Despite its economic achievements, Vietnam is still poor and hopes to receive more international support, said Prime Minister Nguyen Tan Dung at the Asian Development Bank's (ADB) meeting in Hanoi Thursday.
At the opening session of the bank's 44th annual meeting, Dung also committed that Vietnam will use any international funds "for the right purposes," and "with the highest effectiveness," VnExpress reported.
Over the past ten years the country has achieved the annual growth rate of 7.26 percent, while its poverty rate decreased from 58 percent in 1993 to less than ten percent in 2010, according to Dung.
The local economy will recover from the recent crisis within the next five years with the target growth rate of seven percent per year.

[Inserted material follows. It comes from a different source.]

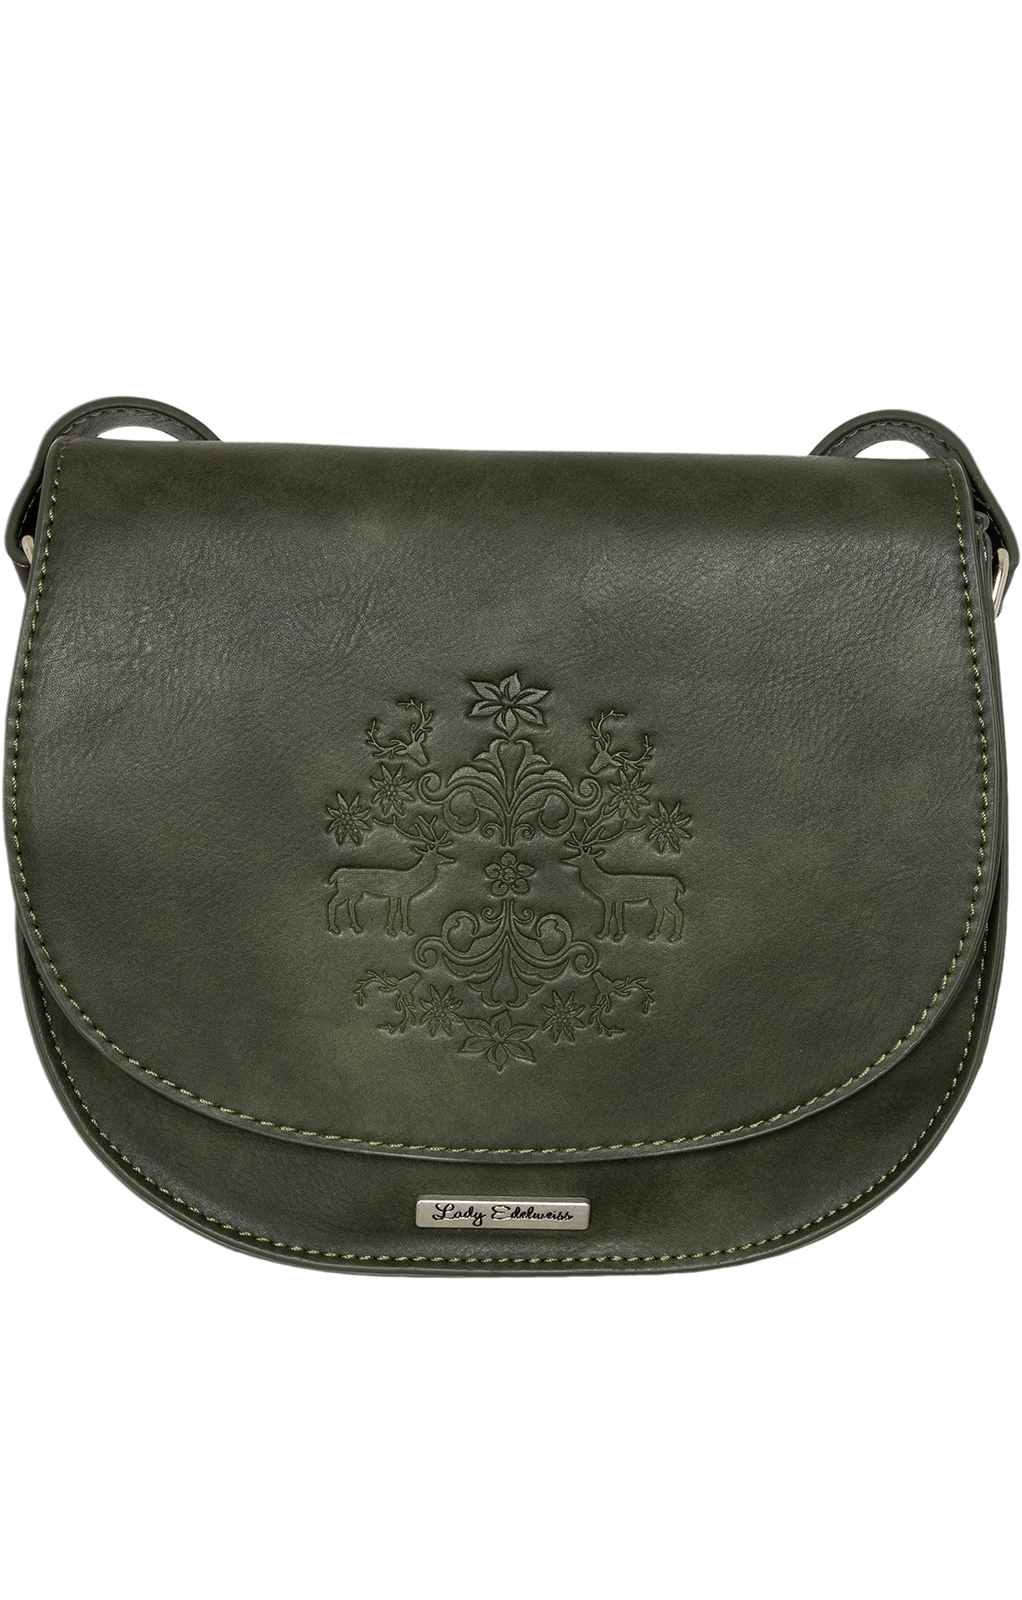 Traditional bag 13102 antique green von Lady Edelweiss

Meanwhile, the poverty rate will go up two percent every year, and income in the countryside will double from last year, the news source reported.
Meanwhile, ADB Chairman Haruhiko Kuroda congratulated Vietnam on its entry into the middle-income categories, adding that Vietnam and many other Asian countries are strengthening their positions in the global economy.
As of March ADB has pledged nearly US$10 billion to more than 100 projects in Vietnam, ranging from infrastructure development to education.
Also at the meeting, Kuroda stressed that Asian countries will be influenced by Japan's disasters on March 11 in the short term.
Developing countries will enjoy lower growth rates this year and next year 7.8 and 7.7 percent respectively, while inflation will increase, according to Kuroda.
Not to mention that hundreds of millions of people in the region are categorized as the world's poorest, he said, suggesting policymakers consider measures to curb inflation.